Hi there, is there any nutrient rich soils that I can add sand to as the top layer?


----------



## AdAndrews (9 Jan 2010)

products such as tropica plant substrate need to be capped with something like sand, although, my experience with tropica substrate was pretty bad, it clouds the water badly if you re-plant or take plants up. This may be minimalised with heavy capping, i had about 2 inches on top of it.


----------



## tommyleestaples (9 Jan 2010)

I was considering layering. If I put Eco Complete on the bottom with a layer of gravel on top and then fine sand. Would this act as a barrier and stop stand falling through.


----------



## AdAndrews (9 Jan 2010)

grains of sand will be able to fall through the gaps in the gravel.


----------



## fourmations (9 Jan 2010)

+1

i tried capping gravel with sand and it worked its way through the gravel
in no time, so any of those gravel size planty  substrates will be the same

flourite sand?

rgds

4


----------



## karl1987 (10 Jan 2010)

Ive always found JBL AquaBasis to be very good.


----------



## tommyleestaples (10 Jan 2010)

Mixed opinions I may use a layer of laterite with Flourite Black sand on top then with my lighter sand on top that way it shouldnt seep through the Flourite Sand Substrate.


----------



## Robert1979b (11 Jan 2010)

Tommy

If i remember rightly Tom Barr wrote an article years ago about using soil (I don't think he used aquatic or pond soil but that may be easier) mixed with sand about 1:1 at the bottom and plane sand on top. With any layered substrate you are going to get problems during maintenance and re-planting. 

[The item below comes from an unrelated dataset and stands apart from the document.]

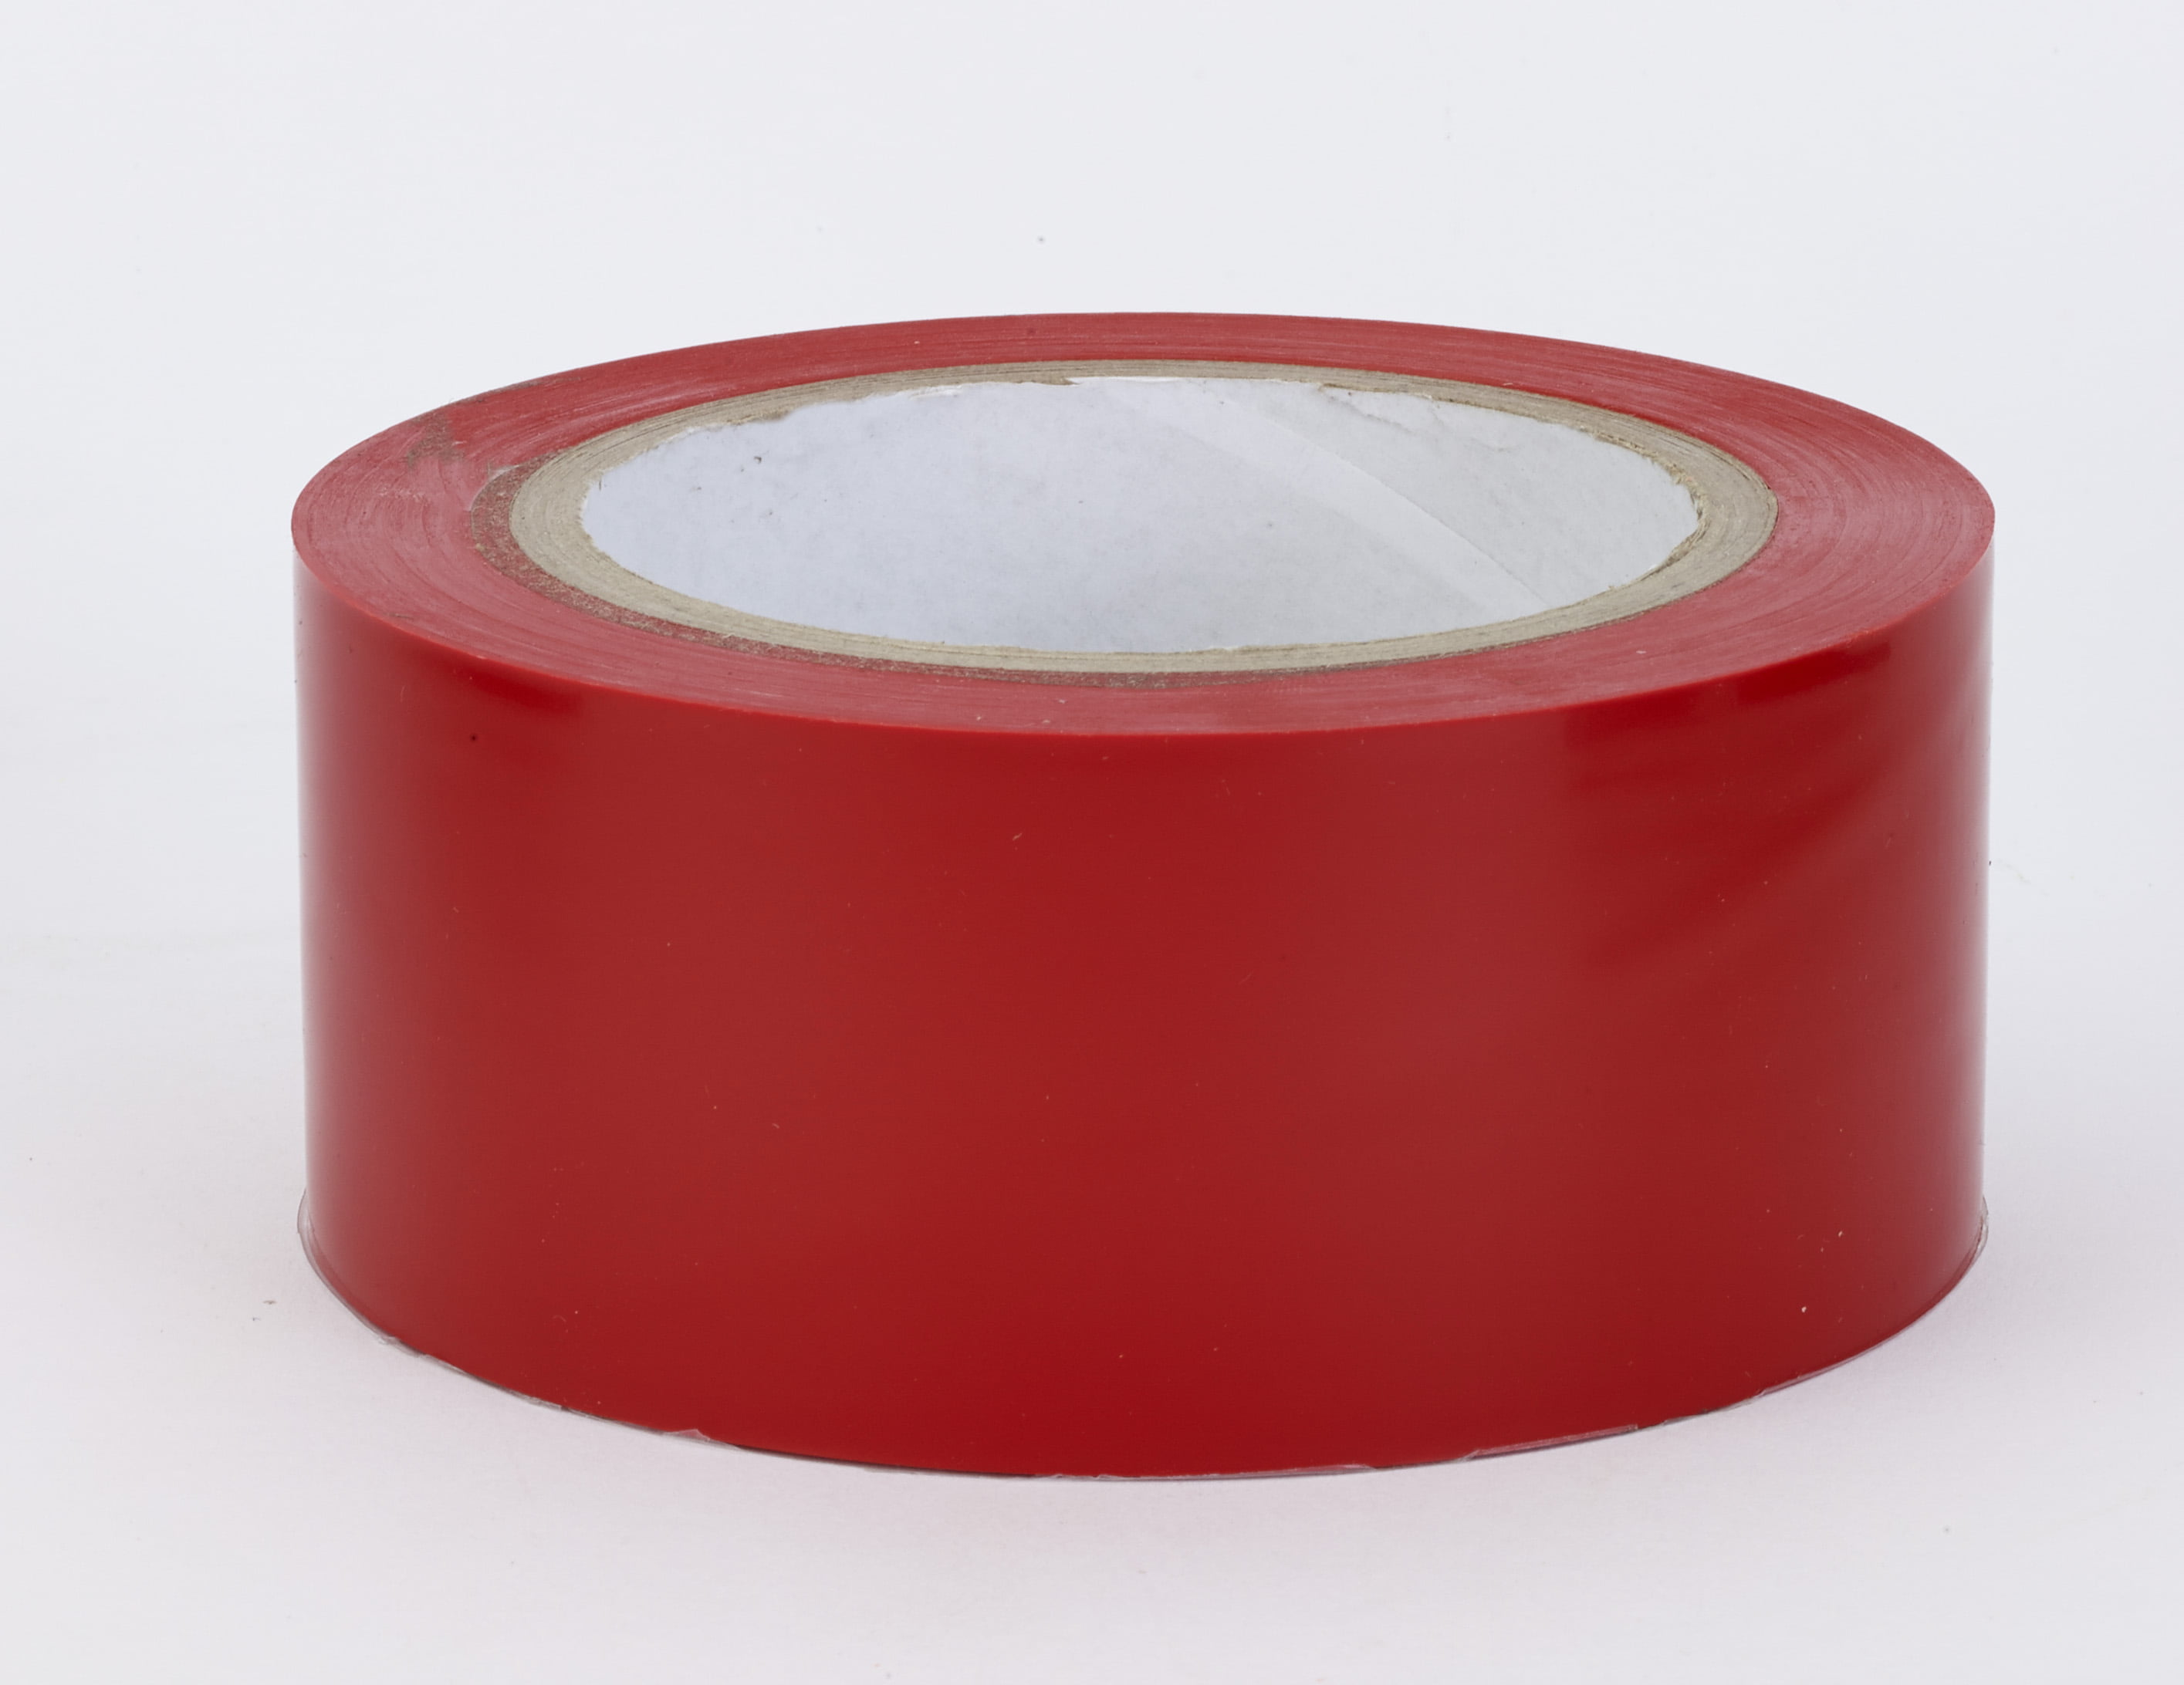 PVC Vinyl Aisle Marking Tape, 6 mil, 2" x 36 yd., Red (Pack of 24)
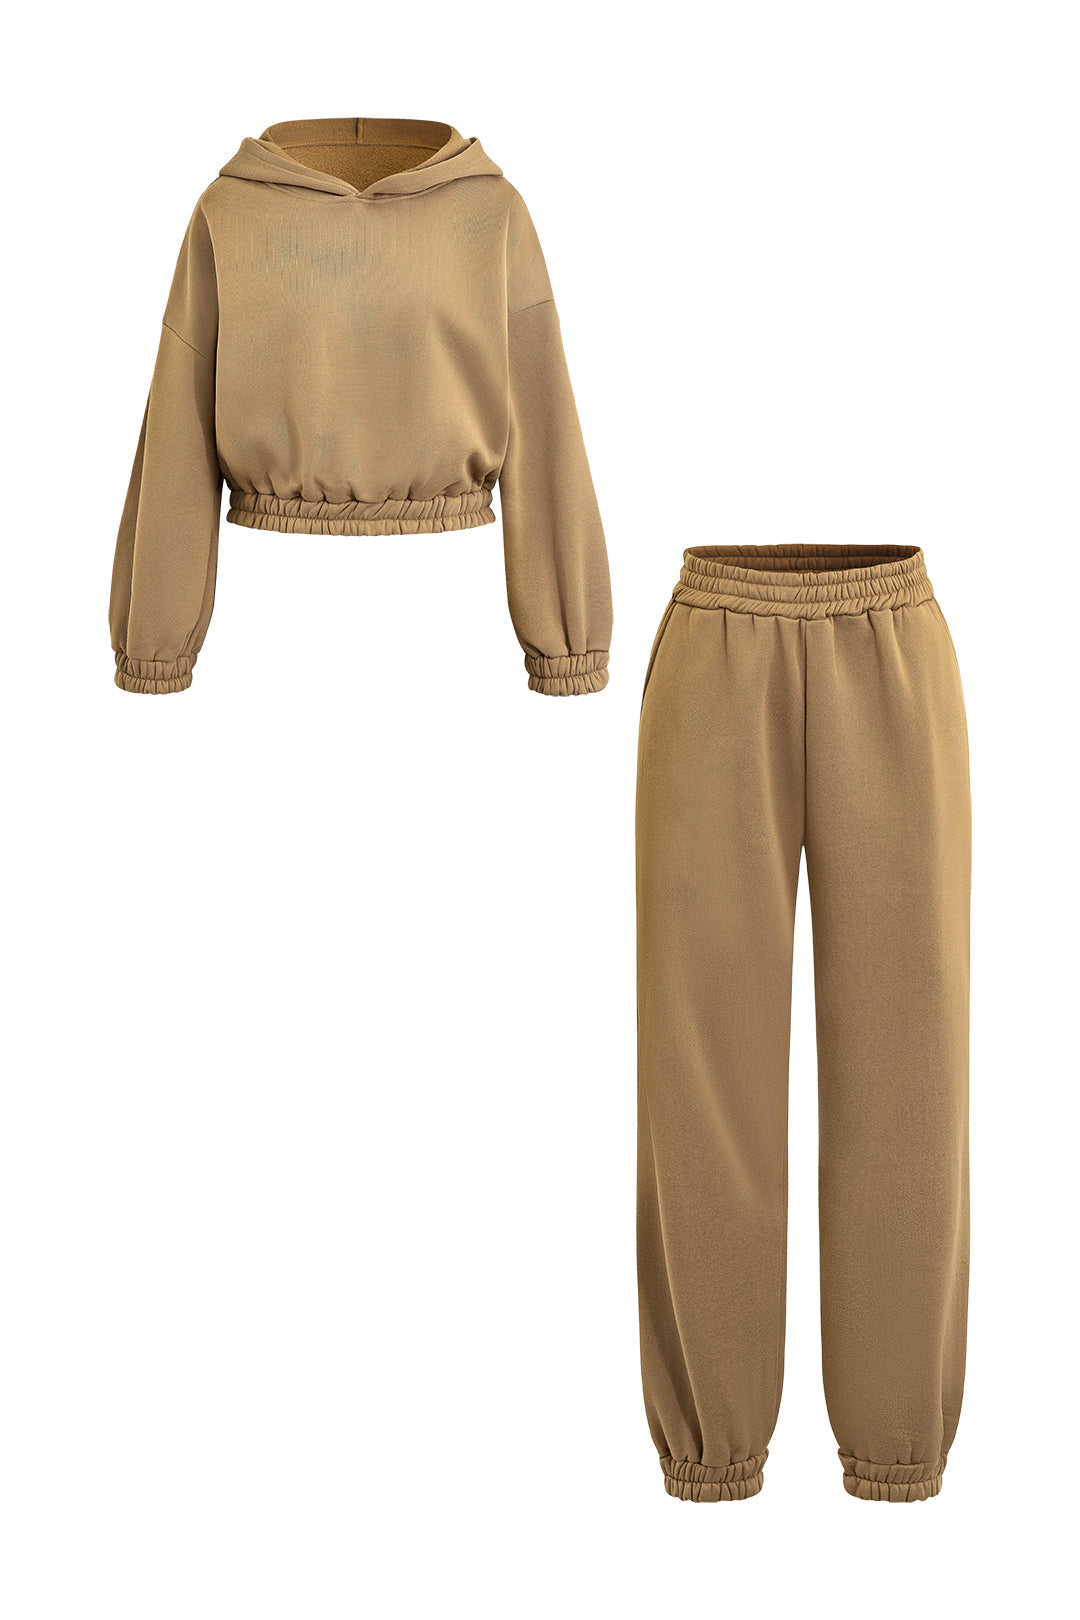 Basic Solid Hooded Long Sleeve Crop Sweatshirt And Cuffed Pants Set

Why do you want a layered substrate?

Rob


----------



## tommyleestaples (12 Jan 2010)

Because I want to use light coloured sand as the substrate.


----------



## Dave Spencer (12 Jan 2010)

Why not just go for a 100% sand substrate?


----------



## tommyleestaples (12 Jan 2010)

It wont provide nutrients via the roots.


----------



## Dave Spencer (12 Jan 2010)

Mine was a slightly loaded question, expecting the answer you gave.

A nutrient rich substrate is not a necessity. Whilst nutrients via the substrate and water column is the most desirable situation, a planted tank with an inert substrate, but adequately nutrient rich water column will still grow plants very successfully. 

If you just chose something like Argos play sand, possibly alongside TPN+ should the water column require dosing, you then end up with the type of look you want with the substrate, and it is cheaper.

Dave.


----------



## Goodygumdrops (12 Jan 2010)

Damn that about Tropica plant base,I've just ordered a bag!!I've currently got a tank running 100% sand that everything except swords and crypts does well in,I target the roots of these with api root tabs in this tank (Argos playsand).
In my 125,I have a layer of laterite (never clouds when disturbed,I believe this was also API),over which I have eco complete,with a black sand foreground (which is ever so slowly mixing with the eco complete).
I'm about to set up another tank,with the Tropica plant base,pea gravel background and playsand foreground.After my previous experience I'll use a physical barrier to seperate the rear and foregrounds.
On the basis of what was said earlier (I wish I'd known),if you want a nutritious bed that won't cloud to go under your sand,I'd go with laterite.


----------